Море, море…
(Эпизоды из жизни корабельного врача)
Холод уже ломил зубы, но Молчанов длинными глотками жадно пил через край ведра и никак не мог остановиться. Ощущение единства с просыпающейся землёй, розовеющим рассветным небом и этим лесным родником наполняли душу какой-то благостью, а руки – силой.
Несовместимые одновременно нахлынувшие радость и щемящая грусть вдруг озарили: вот оно! Спящая жена в их маленькой квартирке у подножья сопки, медленно уползающий с таёжной тропинки туман и ледяная родниковая вода… Вот то, что нужно запомнить и мысленно взять с собой в дальний морской поход! Тогда эти воспоминания будут его оберегом в океане. В предстоящем плавании корабельного доктора уже ждут сказочные тропические пейзажи, пьянящий риск штормовых «девятых валов» и нерв службы, но там не будет родного и несуетливого кусочка жизненной гармонии, неожиданно открывшейся сознанию в утреннем лесу.
Он легко подхватил полные вёдра и, стараясь не расплескать, заторопился, почти побежал под горку. Негоже опаздывать к подъёму флага на корабле!
Да, их ДОС1 далеко не комфортабельное жильё, стоит на самой окраине Владивостока, практически в лесу, и не имеет коммунальных удобств. Но здесь живут молодые семьи, а человек в молодости – существо непритязательное. Ходить к ручью за водой и топить дровами печь даже приятно. Такие хлопоты дарят ощущение подлинности и надёжности домашнего очага, исключают отчуждение между соседями, присущее городским квартирантам. Когда мужья в море – в этом лесном, с красивыми эркерными окнами, неблагоустроенном доме, бороться с бытом жёнам помогают соседи. Наверное, это звучит высокопарно, но офицер, в отличие от гражданских, живёт не там, где ему захочется, а там, где прикажет Родина. Он не принадлежит себе и готов в любое время суток «подняться по свистку».
Душа – Богу,
сердце – женщине,
долг – Отечеству,
честь – никому!
В плавании моряк живёт взаймы, «ходит по краю», он как бы сдал свою основную жизнь на временное хранение в родной гавани. И в зависимости от прочности корпуса корабля, компетентности шкипера, состояния моря и целого ряда обстоятельств ещё неизвестно: получит человек её (жизнь) обратно или…

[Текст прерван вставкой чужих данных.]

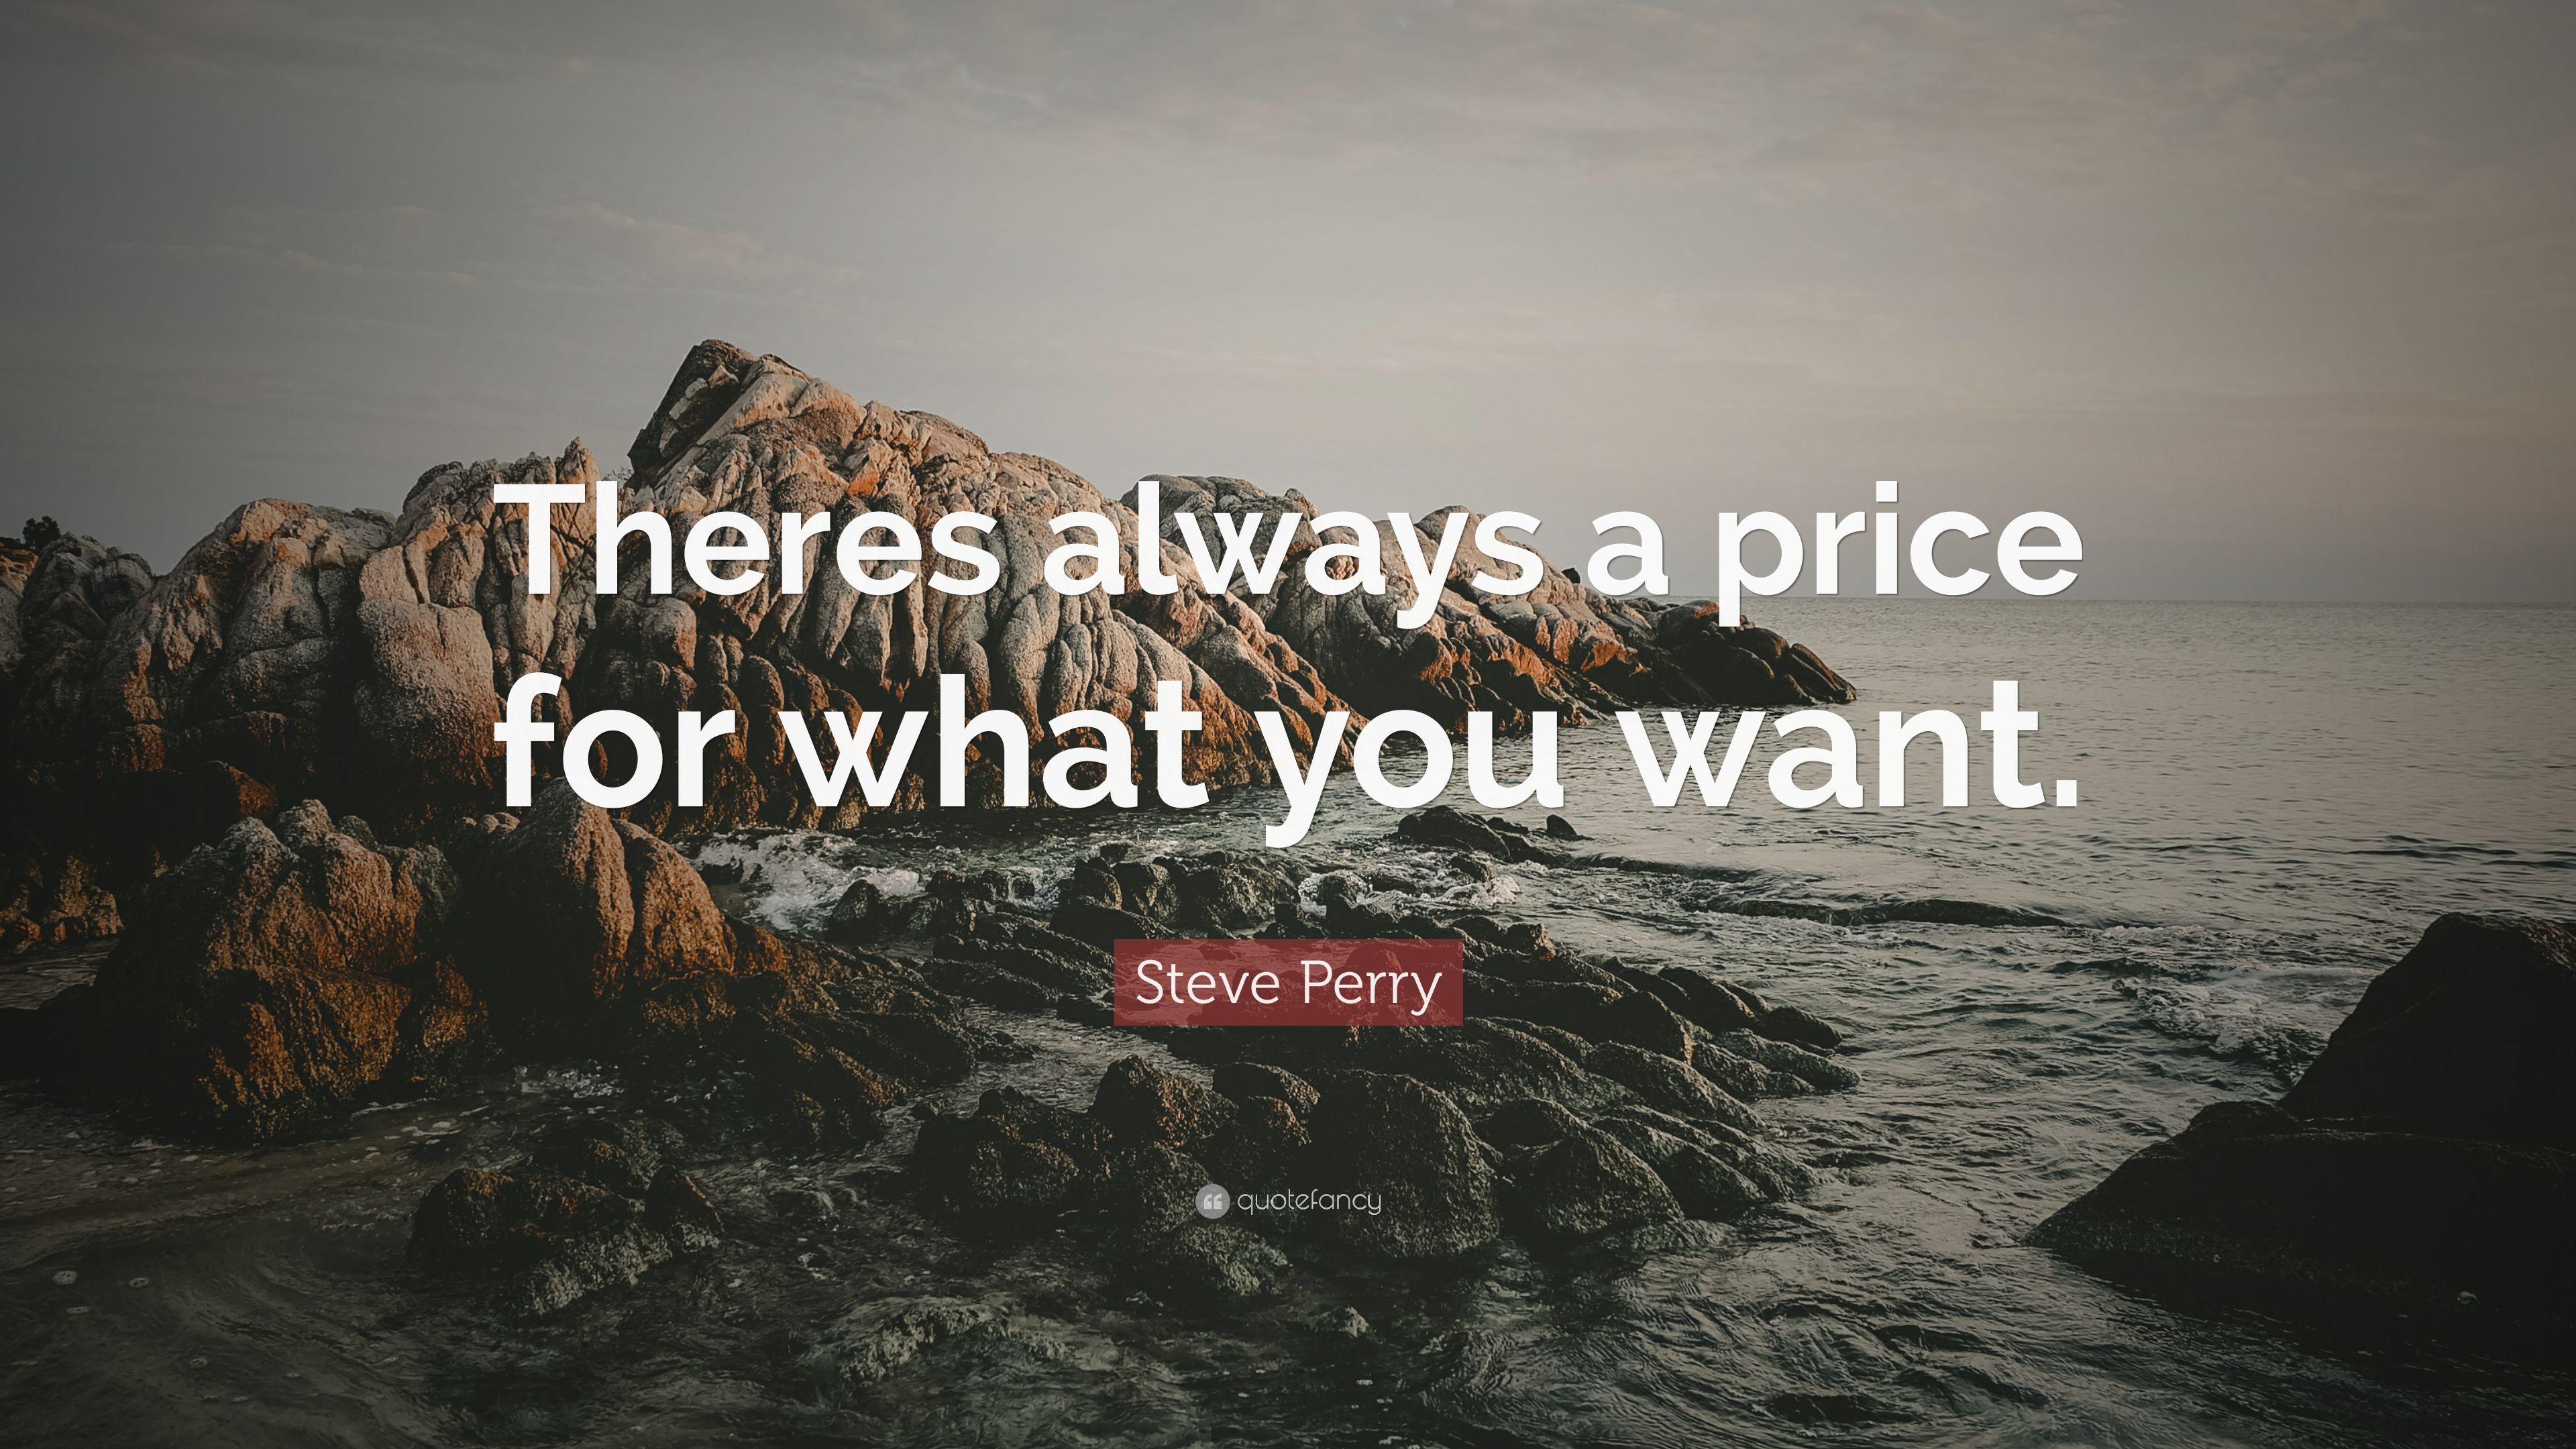 Steve Perry Quote: “Theres always a price for what you want.” 7

– Я буду ждать, – прижавшись тёплым, только что из постели телом, и, вытирая накатившуюся слезу, прошептала она.
– Всего девяносто суток, на целый месяц меньше, чем в прошлый раз! – неумело успокоил он и виновато потупился…
***
Море бывает разным. В шторм оно рвано-серо-чёрное, ночью – звёздно-фиолетово-люминесцентное, а в солнечный тихий день – прозрачно-бирюзово-голубое. Сегодня небо чистое-чистое и вокруг сплошная, бликующая солнечными зайчиками синева.
Молчанов уже выполнил свои рутинные, предусмотренные корабельным уставом и распорядком дня, обязанности и поднялся на шлюпочную палубу поглазеть на плавающие в лёгком полуденном мареве Филиппины.

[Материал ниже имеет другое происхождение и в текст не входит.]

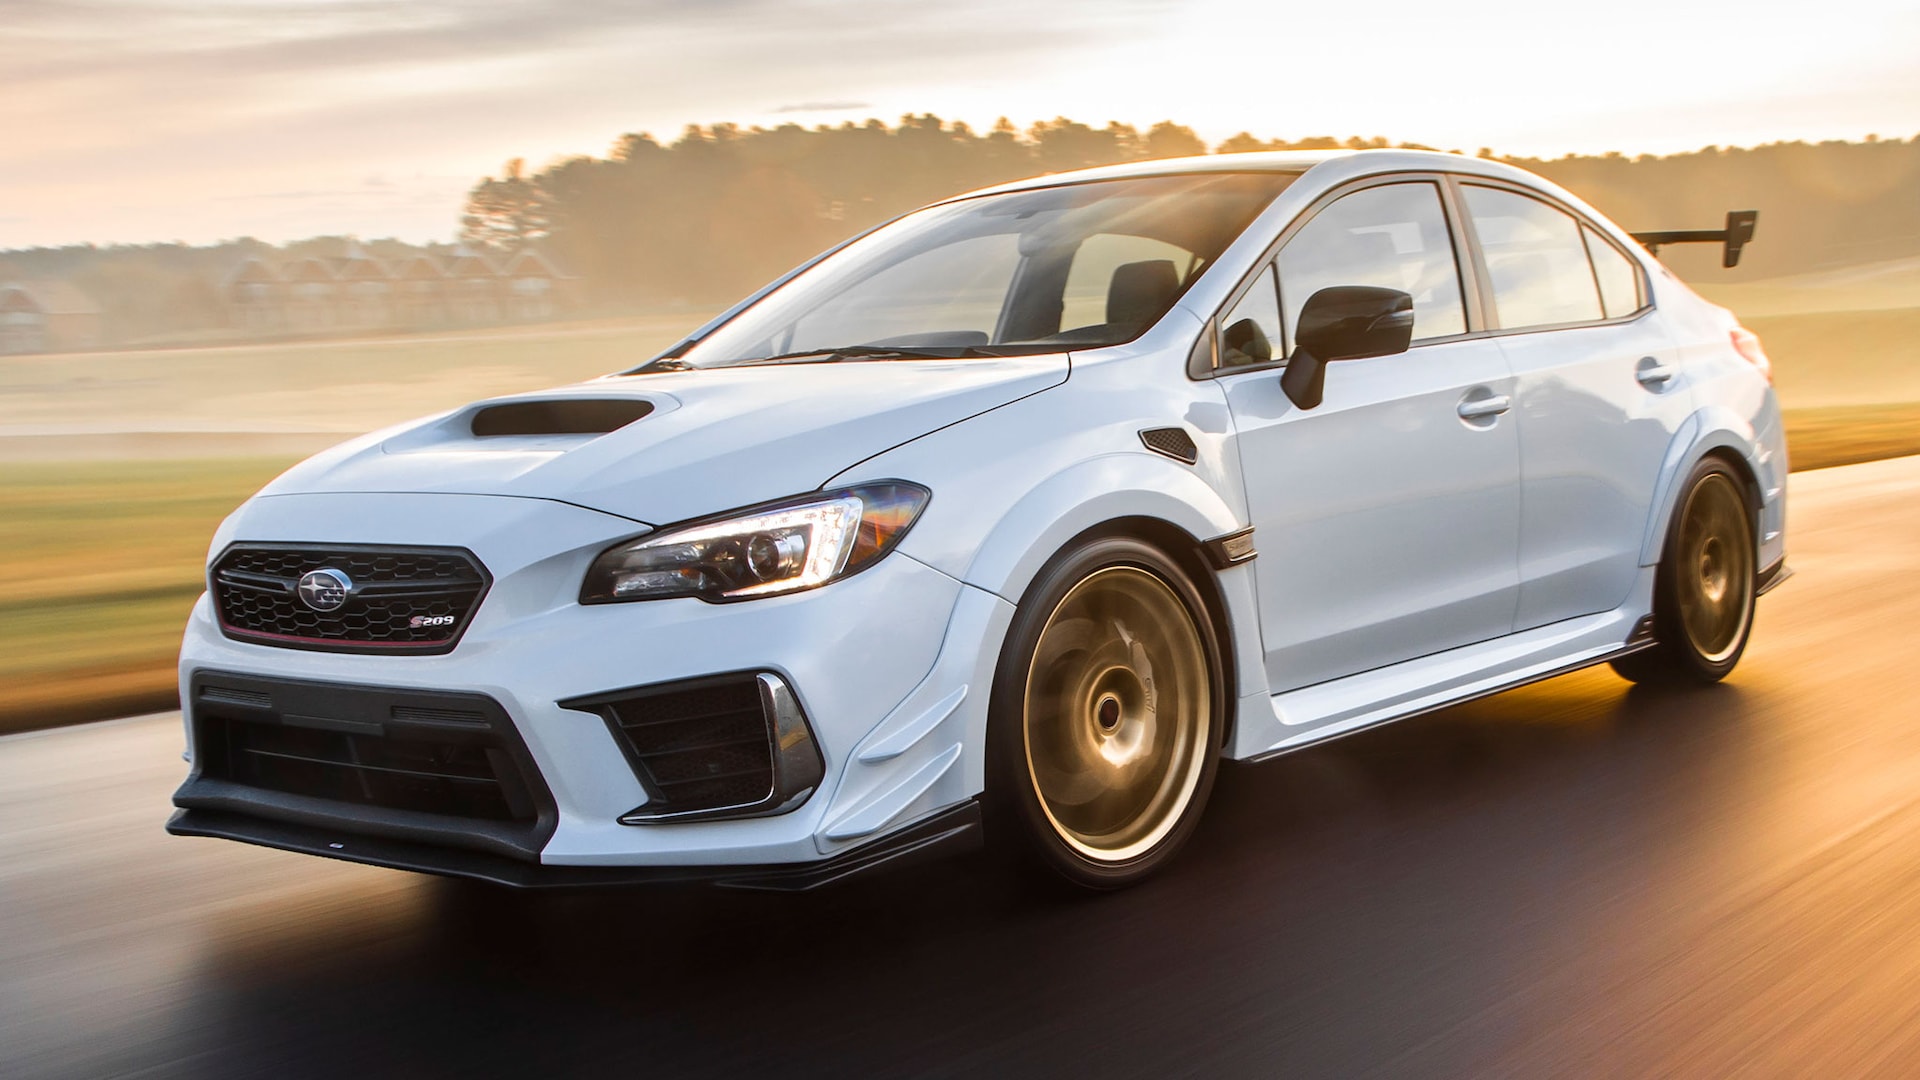 Subaru WRX STI S209 First Drive Review: Faster and Fantastic

Остров Лусон! «Там хорошо, но мне туда не надо», – вспомнились слова Высоцкого. Хотя, почему собственно не надо? С превеликим удовольствием сейчас бы побродил по твёрдой земле, но в Субик-Бей разместилась американская база, а значит, путь советскому военному кораблю в этот порт заказан!

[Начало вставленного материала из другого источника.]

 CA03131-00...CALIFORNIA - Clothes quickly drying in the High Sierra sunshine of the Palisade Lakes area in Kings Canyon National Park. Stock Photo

– Бездельничаешь, док?! – осуждающе интересуется поднимающаяся по трапу «корабельная партийная совесть». Замполит, как всегда, сразу подозревает во всех грехах и воспитывает, хотя сам сейчас пришёл побаловаться плетением на свежем воздухе. Хобби у него такое: километры выловленных боцманом в море капроновых тросов к концу похода превращаются в горы замечательных пушистых мочалок. Политическое управление и штаб флота от таких подарков в восторге!
– Уже ухожу, – Молчанов освобождает площадку перед релингом2 (любимое рабочее место производителя банных сувениров).
Доктор, как и большинство экипажа, недолюбливает «комиссара» за его снобизм и перманентное поучительство. Рядом с такими всегда неуютно. Хотя, как раз к доктору зам относится с какой-то осторожностью и элементами почтения, знает, что все «ходим под богом», а если покачнётся здоровье, то и «повелителю душ» придётся превратиться в рядового беспомощного больного.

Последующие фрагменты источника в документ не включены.